> Data records:
########

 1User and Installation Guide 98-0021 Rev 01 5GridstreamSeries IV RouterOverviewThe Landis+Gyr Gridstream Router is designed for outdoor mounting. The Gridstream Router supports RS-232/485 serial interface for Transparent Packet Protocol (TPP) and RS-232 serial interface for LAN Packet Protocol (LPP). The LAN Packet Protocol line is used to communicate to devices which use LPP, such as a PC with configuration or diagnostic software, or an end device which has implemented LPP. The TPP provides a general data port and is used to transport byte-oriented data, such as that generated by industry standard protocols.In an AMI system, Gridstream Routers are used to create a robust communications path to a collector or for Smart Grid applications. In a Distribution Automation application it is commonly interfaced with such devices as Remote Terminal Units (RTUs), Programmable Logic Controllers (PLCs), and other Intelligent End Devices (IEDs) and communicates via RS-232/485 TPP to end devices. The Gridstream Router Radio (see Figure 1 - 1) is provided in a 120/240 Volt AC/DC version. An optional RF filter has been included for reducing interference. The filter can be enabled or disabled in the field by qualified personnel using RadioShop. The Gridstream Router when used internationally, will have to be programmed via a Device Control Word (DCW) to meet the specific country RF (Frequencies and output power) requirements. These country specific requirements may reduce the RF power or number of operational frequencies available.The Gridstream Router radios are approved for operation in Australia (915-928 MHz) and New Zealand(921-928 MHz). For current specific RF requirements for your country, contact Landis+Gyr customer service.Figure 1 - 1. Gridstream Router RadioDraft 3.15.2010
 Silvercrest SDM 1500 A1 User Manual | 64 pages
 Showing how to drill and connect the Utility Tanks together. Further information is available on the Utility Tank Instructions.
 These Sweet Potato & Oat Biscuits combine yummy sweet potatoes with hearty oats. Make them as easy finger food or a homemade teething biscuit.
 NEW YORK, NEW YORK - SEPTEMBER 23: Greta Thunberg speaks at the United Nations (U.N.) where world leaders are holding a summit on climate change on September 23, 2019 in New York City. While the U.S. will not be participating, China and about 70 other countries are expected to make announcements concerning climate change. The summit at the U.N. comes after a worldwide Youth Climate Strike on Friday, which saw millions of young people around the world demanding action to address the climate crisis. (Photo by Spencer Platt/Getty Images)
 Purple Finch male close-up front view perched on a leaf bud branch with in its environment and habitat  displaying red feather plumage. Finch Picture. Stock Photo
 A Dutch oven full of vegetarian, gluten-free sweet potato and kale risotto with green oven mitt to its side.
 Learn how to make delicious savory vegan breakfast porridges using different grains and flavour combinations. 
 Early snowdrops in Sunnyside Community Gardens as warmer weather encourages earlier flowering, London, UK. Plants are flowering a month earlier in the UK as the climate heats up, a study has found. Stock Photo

########

> What you should do:
Return each line from the entries above that includes "climate".

> Answer to the problem:
 NEW YORK, NEW YORK - SEPTEMBER 23: Greta Thunberg speaks at the United Nations (U.N.) where world leaders are holding a summit on climate change on September 23, 2019 in New York City. While the U.S. will not be participating, China and about 70 other countries are expected to make announcements concerning climate change. The summit at the U.N. comes after a worldwide Youth Climate Strike on Friday, which saw millions of young people around the world demanding action to address the climate crisis. (Photo by Spencer Platt/Getty Images)
 Early snowdrops in Sunnyside Community Gardens as warmer weather encourages earlier flowering, London, UK. Plants are flowering a month earlier in the UK as the climate heats up, a study has found. Stock Photo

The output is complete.